• _Task to carry out_
Each line below should be repeated exactly as written, with no pictures carried over.
Top of Dataset section
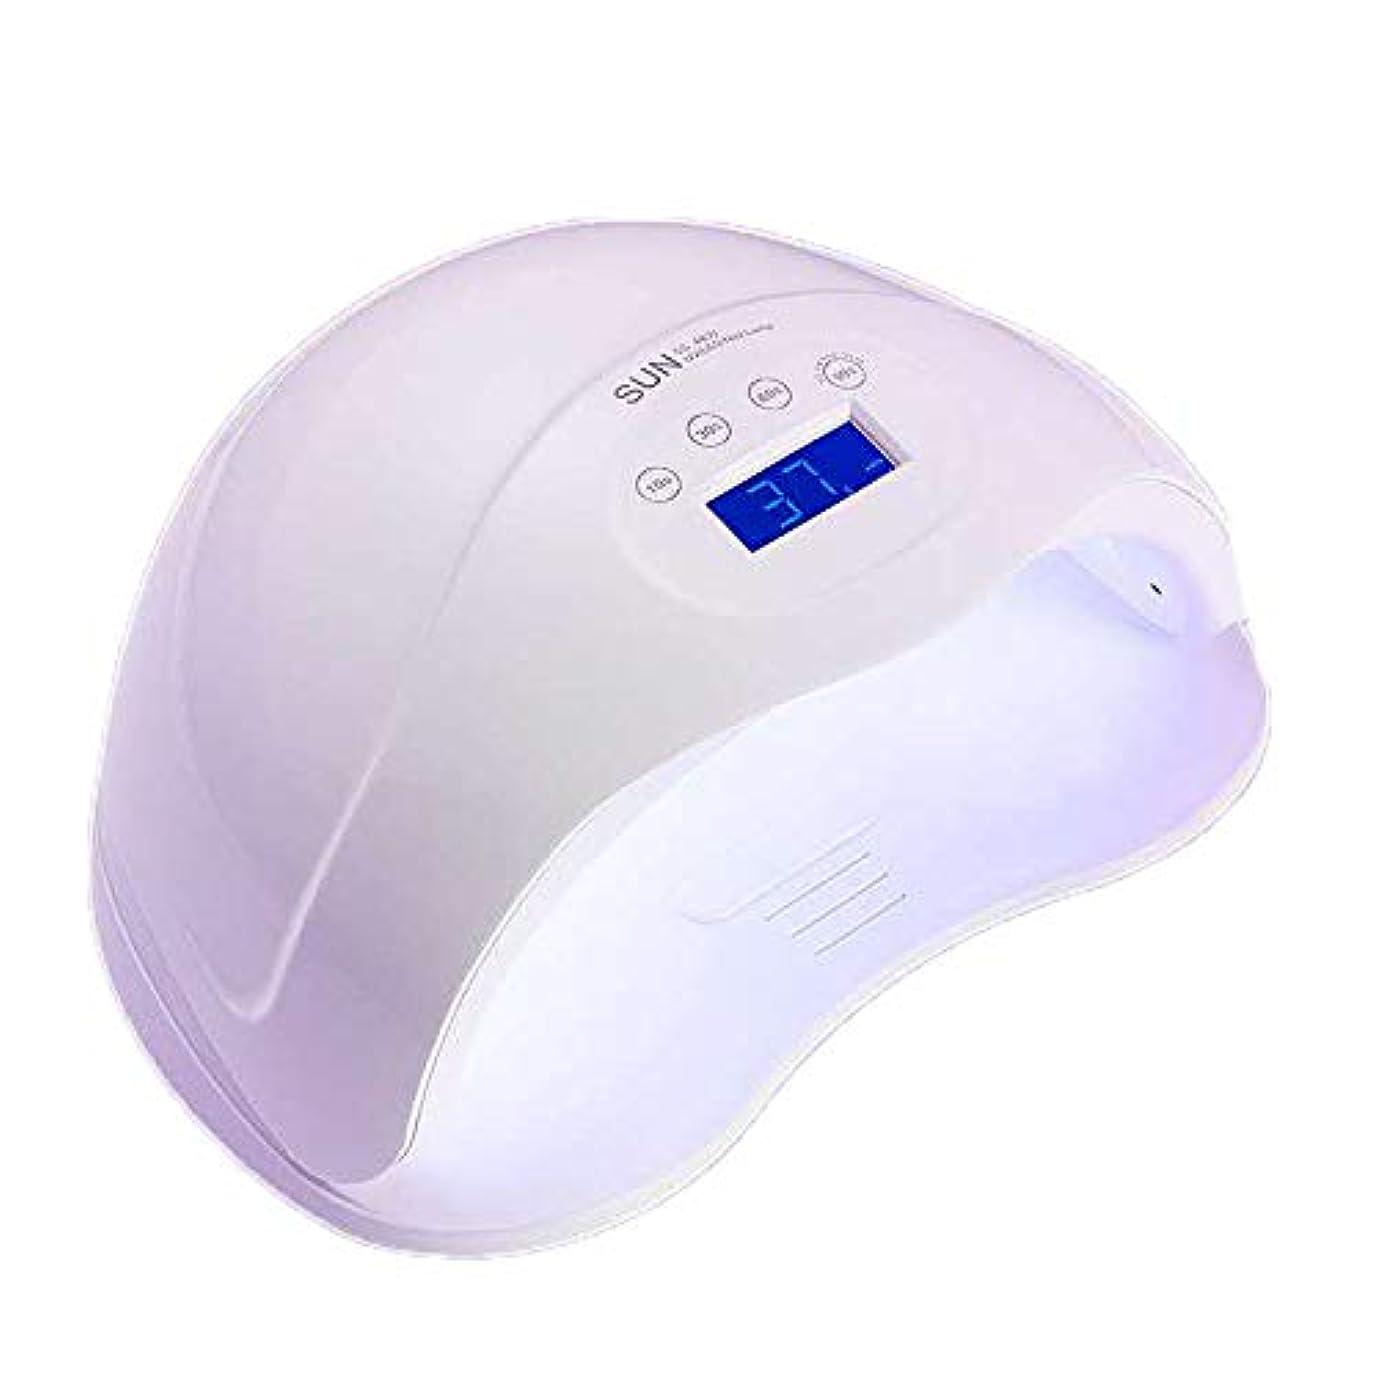 国歌合理的サミットネイルライト48W、UV/LEDネイルドライヤー痛みのない硬化光自動誘導LEDディスプレイ3タイマーセットネイルとトーネイルジェルポリッシュ
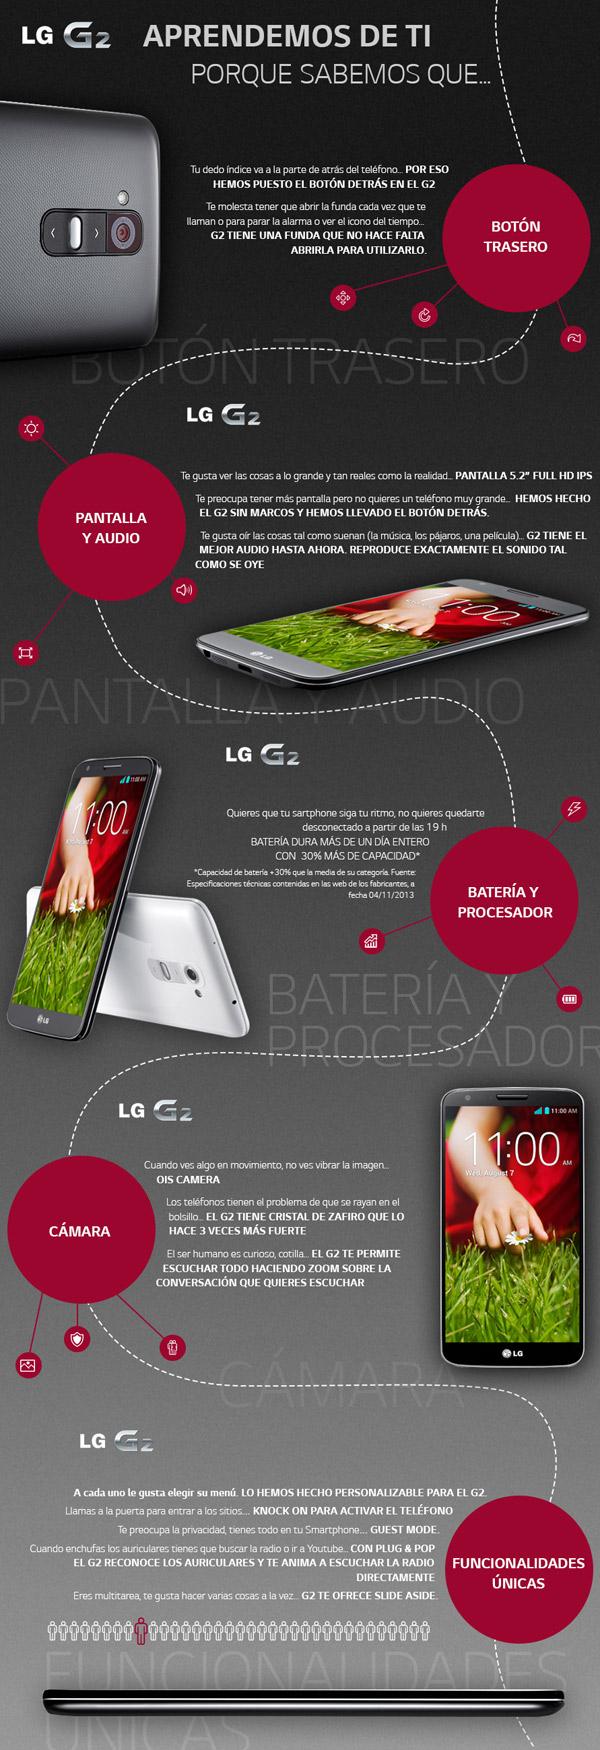 Infografía del LG G2: todas sus características
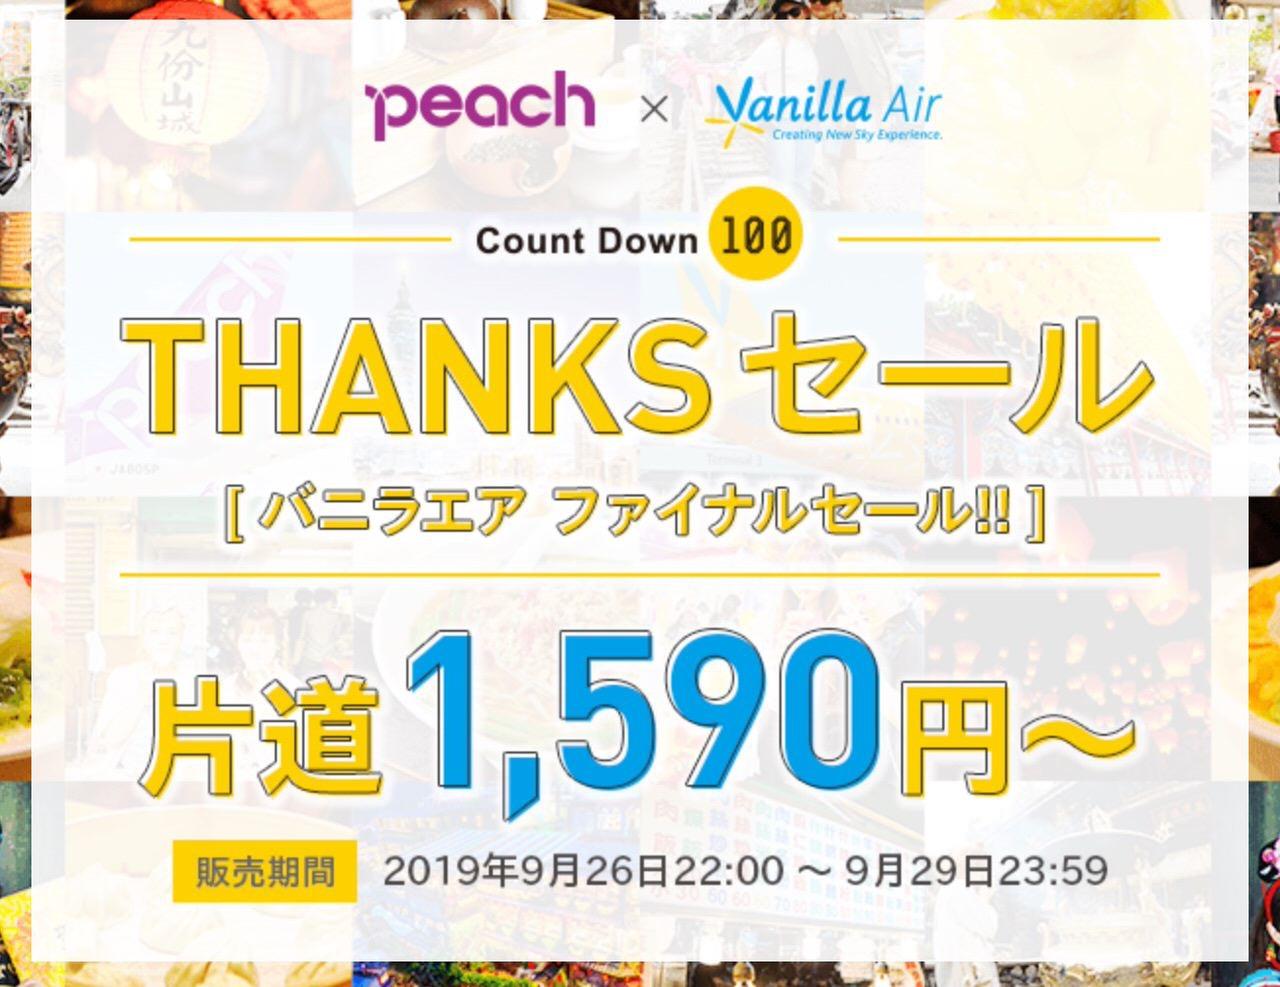 【ピーチ x バニラ】1,590円から「THANKSセール バニラエア ファイナルセール!!」(9/29まで)
Bottom of Dataset section
• _Reply to the task_
 国歌合理的サミットネイルライト48W、UV/LEDネイルドライヤー痛みのない硬化光自動誘導LEDディスプレイ3タイマーセットネイルとトーネイルジェルポリッシュ
 Infografía del LG G2: todas sus características
 【ピーチ x バニラ】1,590円から「THANKSセール バニラエア ファイナルセール!!」(9/29まで)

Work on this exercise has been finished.